**Instructions to follow**
Please return the listing below word for word, minus its pictures.

**Data to use**
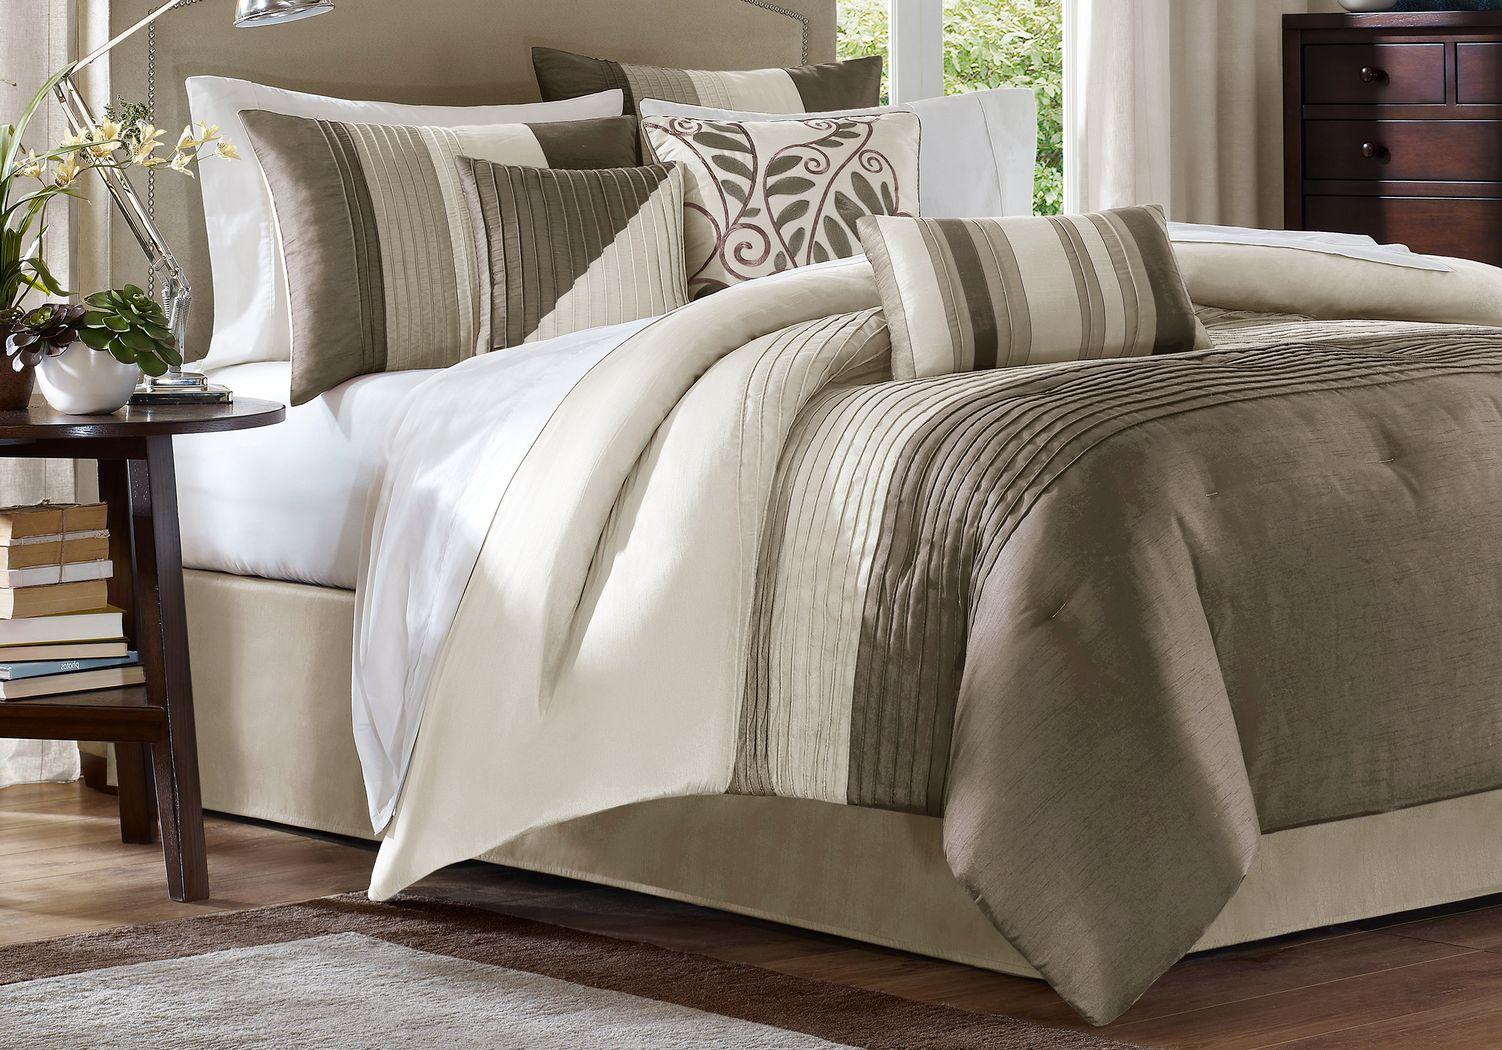 Brenna Natural 7 Pc King Comforter Set
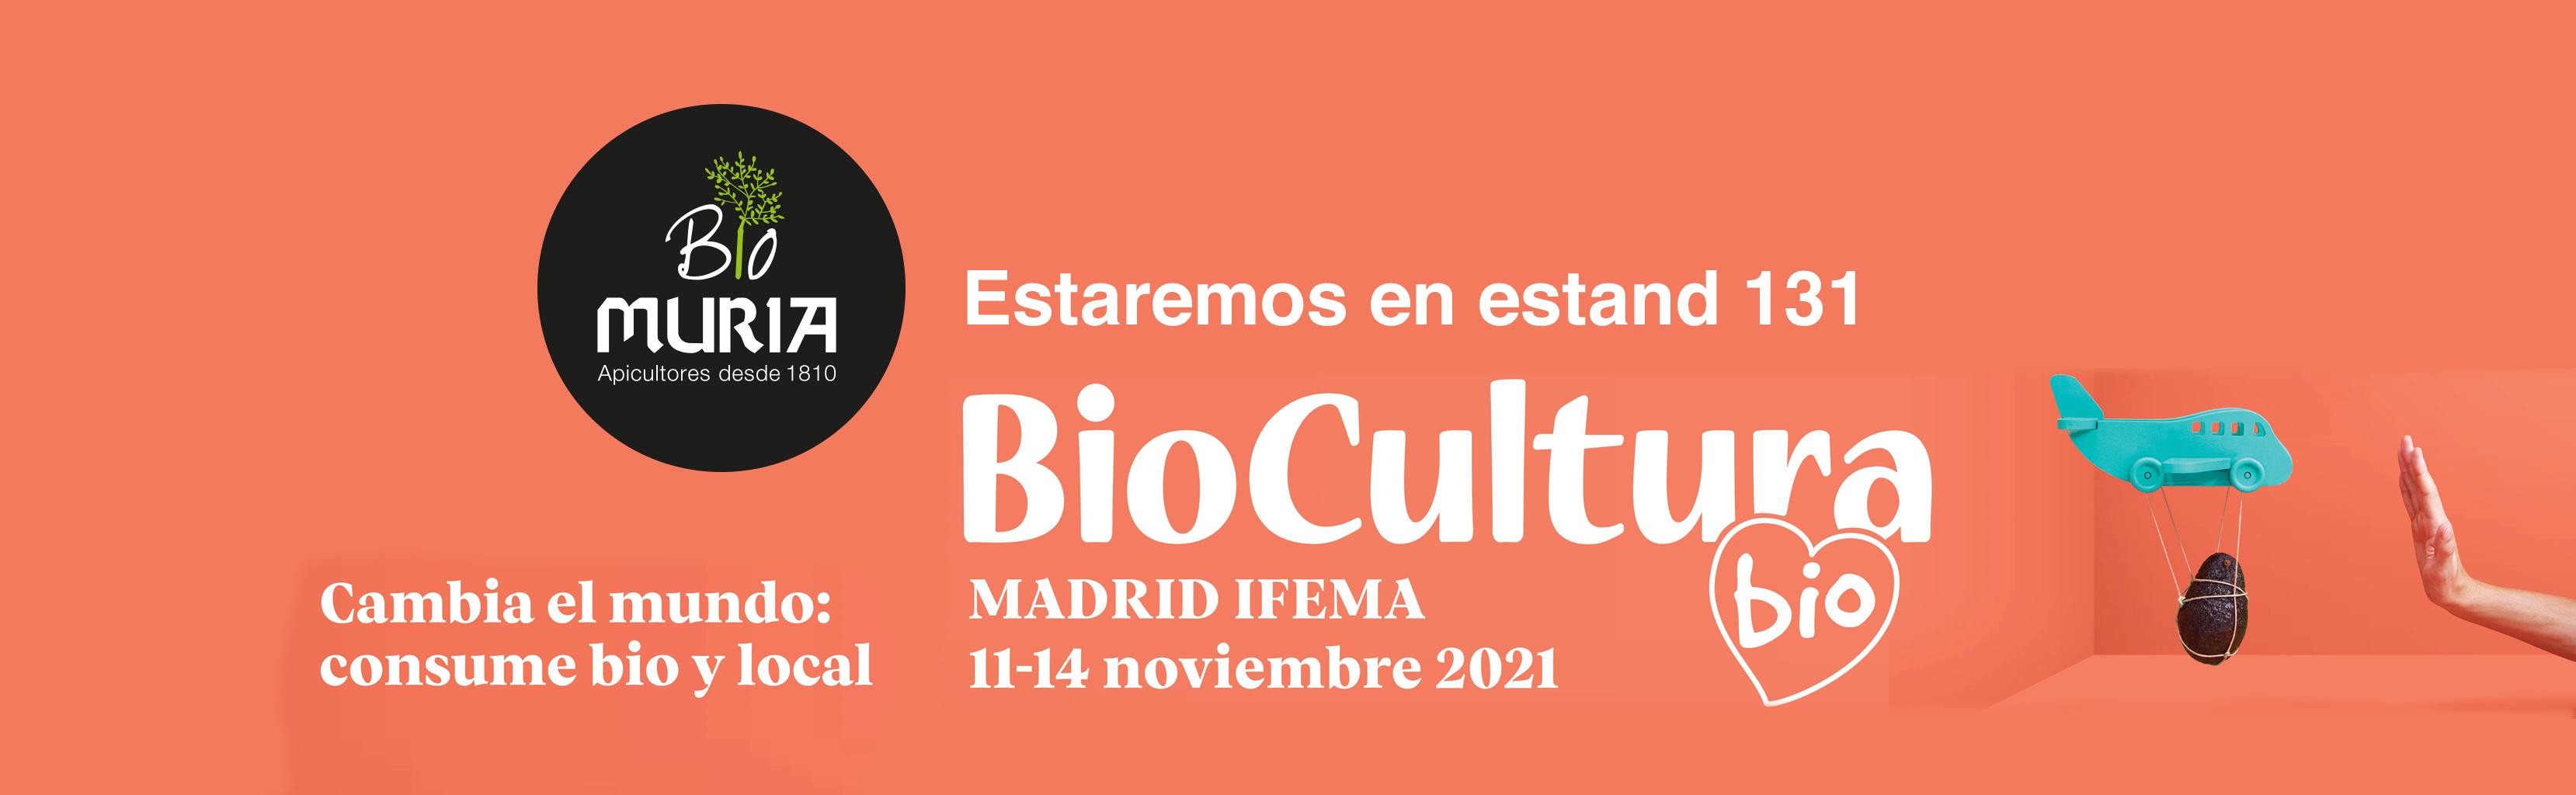 ok-BANNER-biocultura-madrid-novembre-2021-2
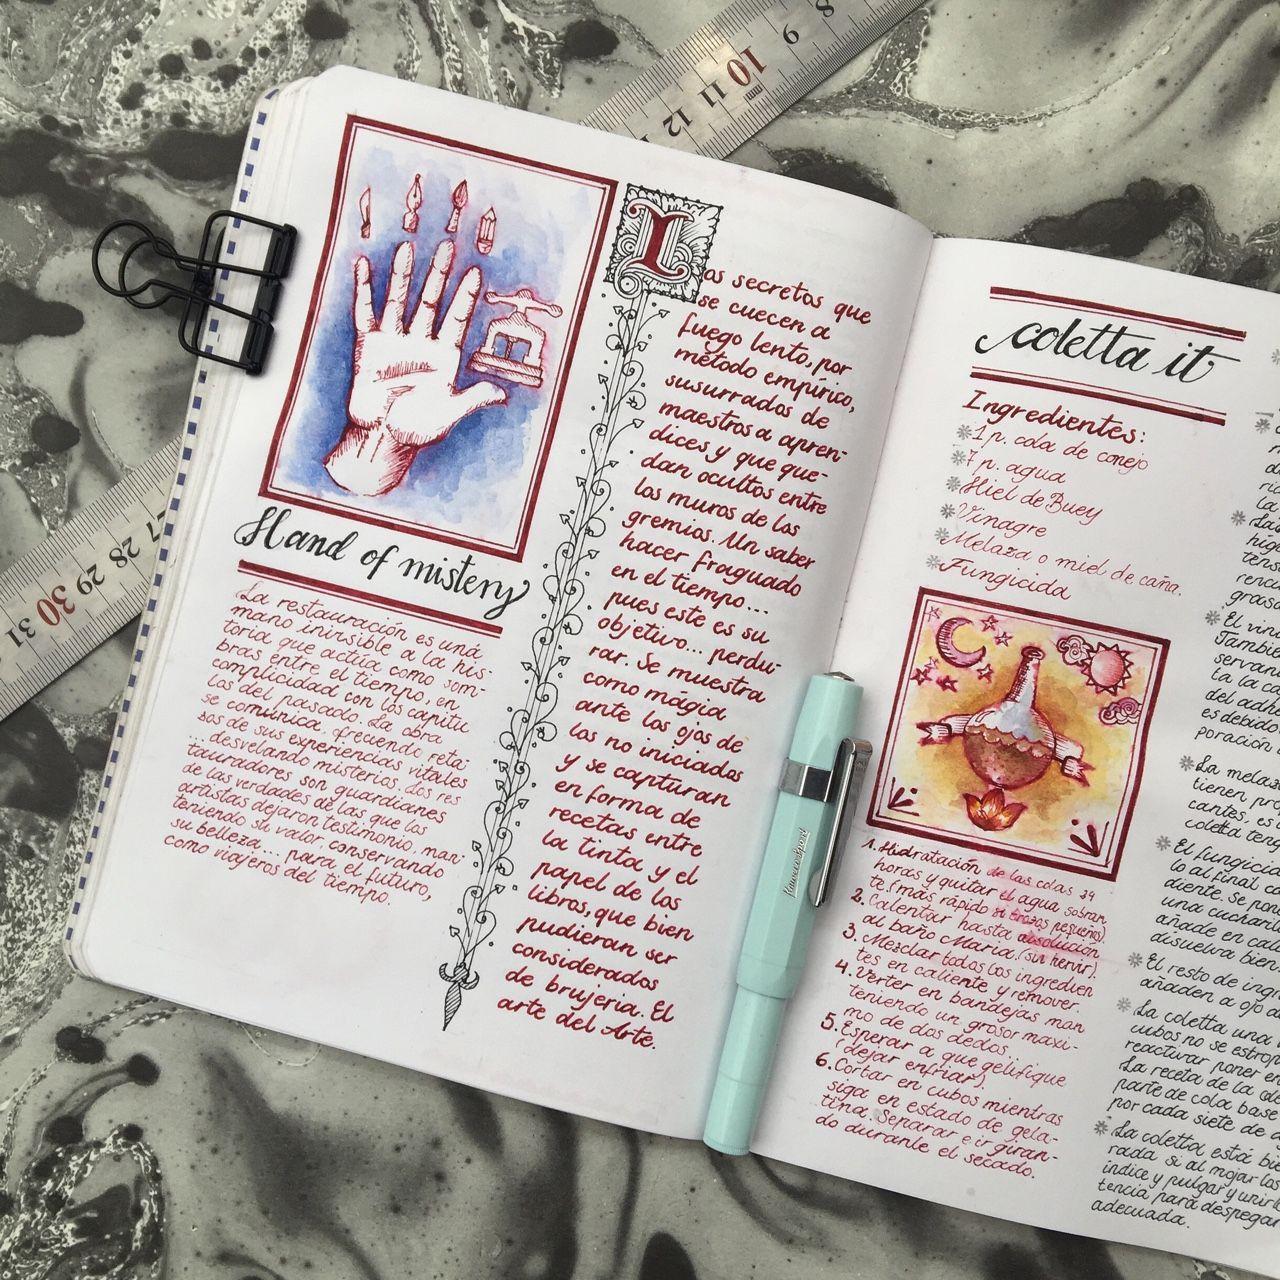 Lacreativista La Creativista Art Journaling And Bookbinding Art Journal Journal Bullet Journal Inspiration
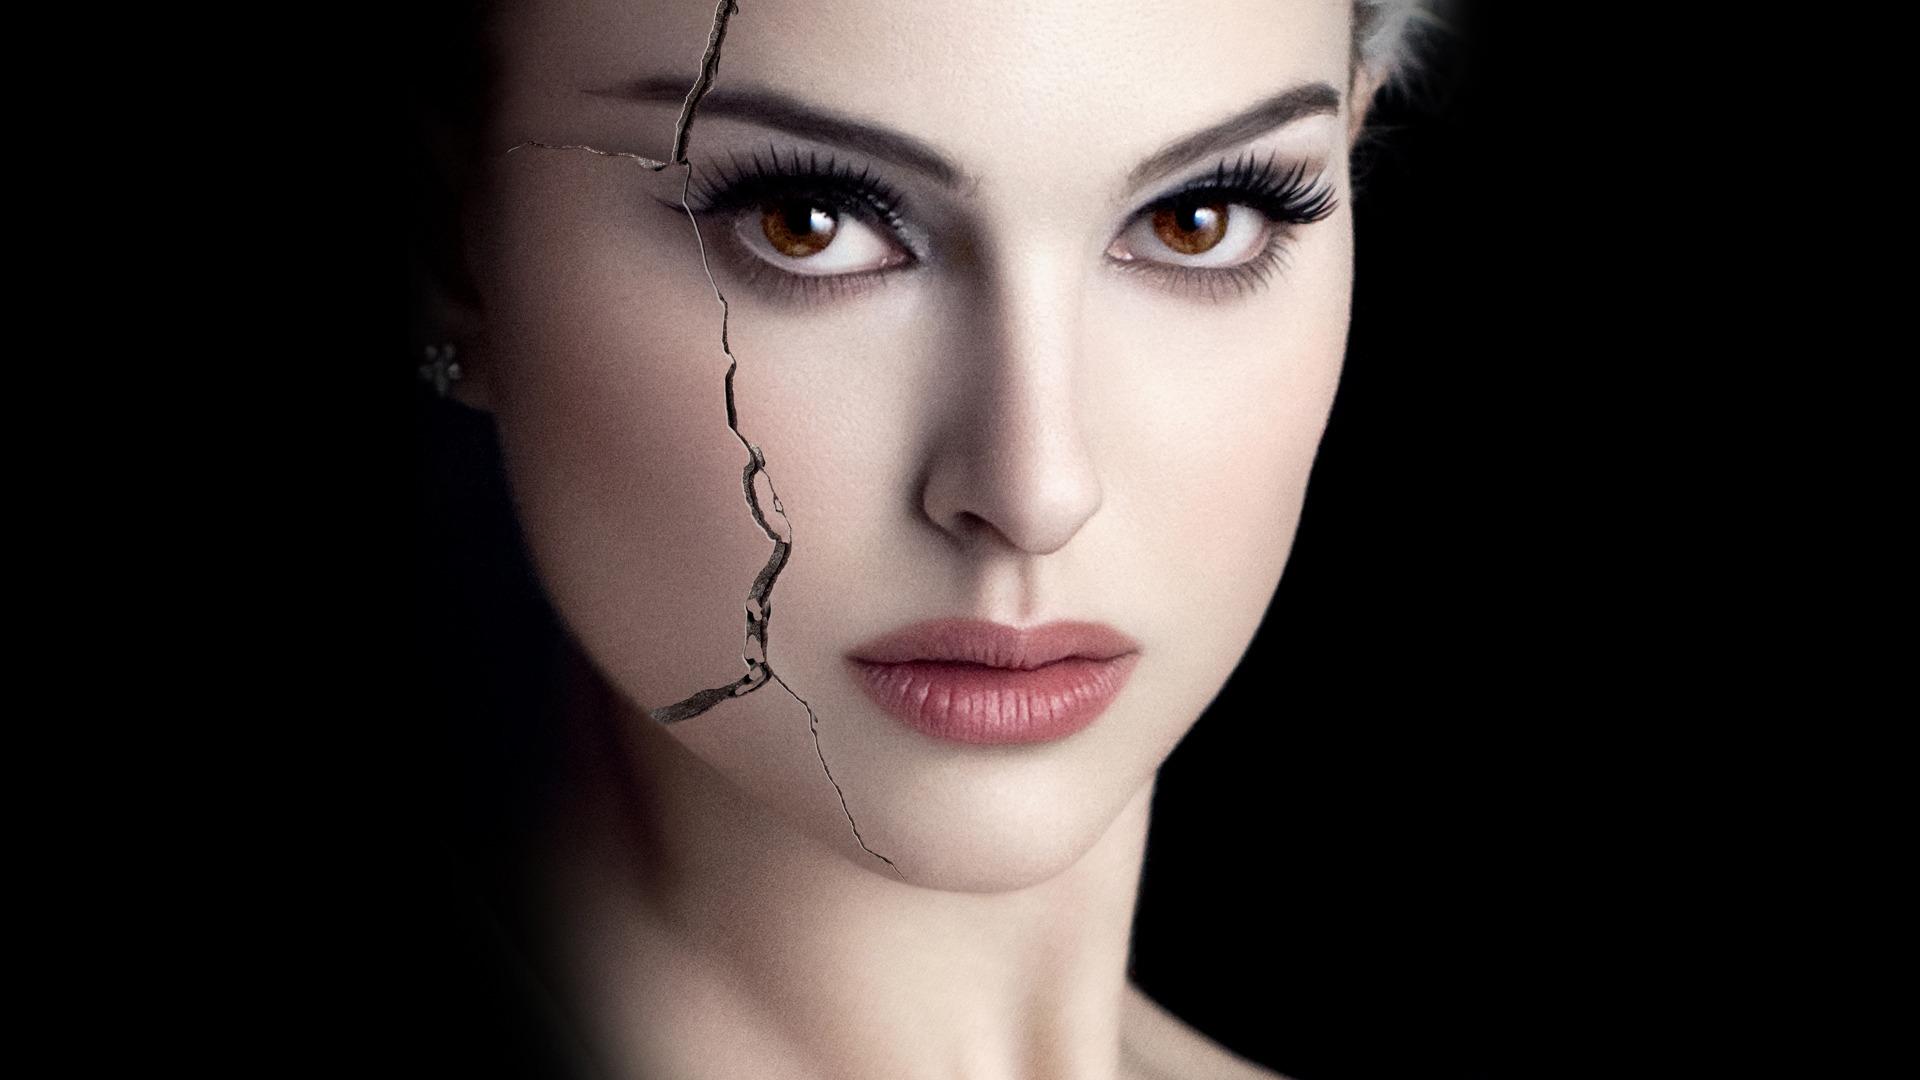 Natalie Portman Wide
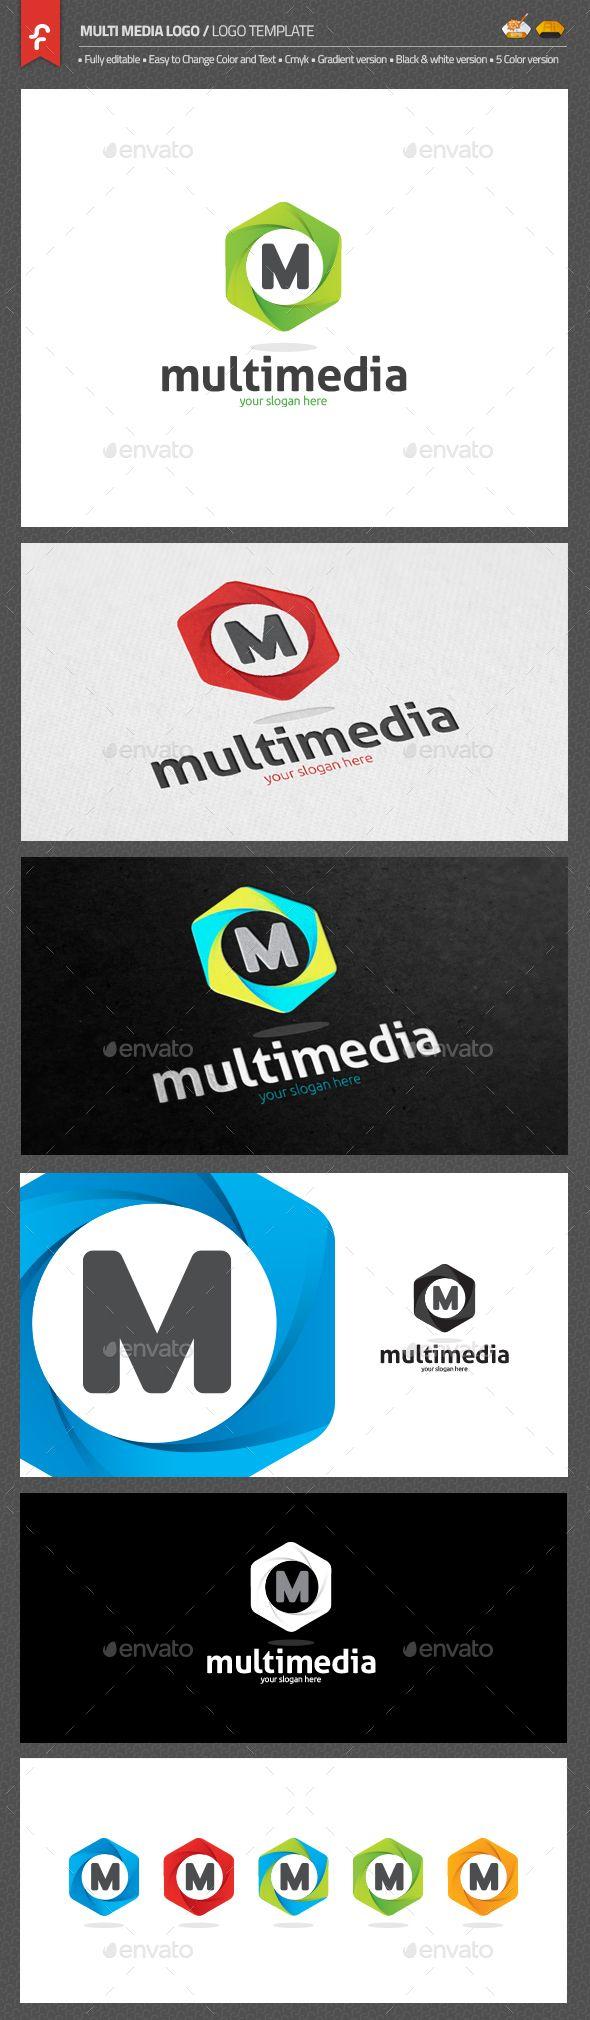 Multimedia Logo Template AI Illustrator. Download here: https://graphicriver.net/item/multimedia-logo/17626084?ref=ksioks

**Task result**
 Brenna Natural 7 Pc King Comforter Set
 ok-BANNER-biocultura-madrid-novembre-2021-2
 Lacreativista La Creativista Art Journaling And Bookbinding Art Journal Journal Bullet Journal Inspiration
 Natalie Portman Wide
 Multimedia Logo Template AI Illustrator. Download here: https://graphicriver.net/item/multimedia-logo/17626084?ref=ksioks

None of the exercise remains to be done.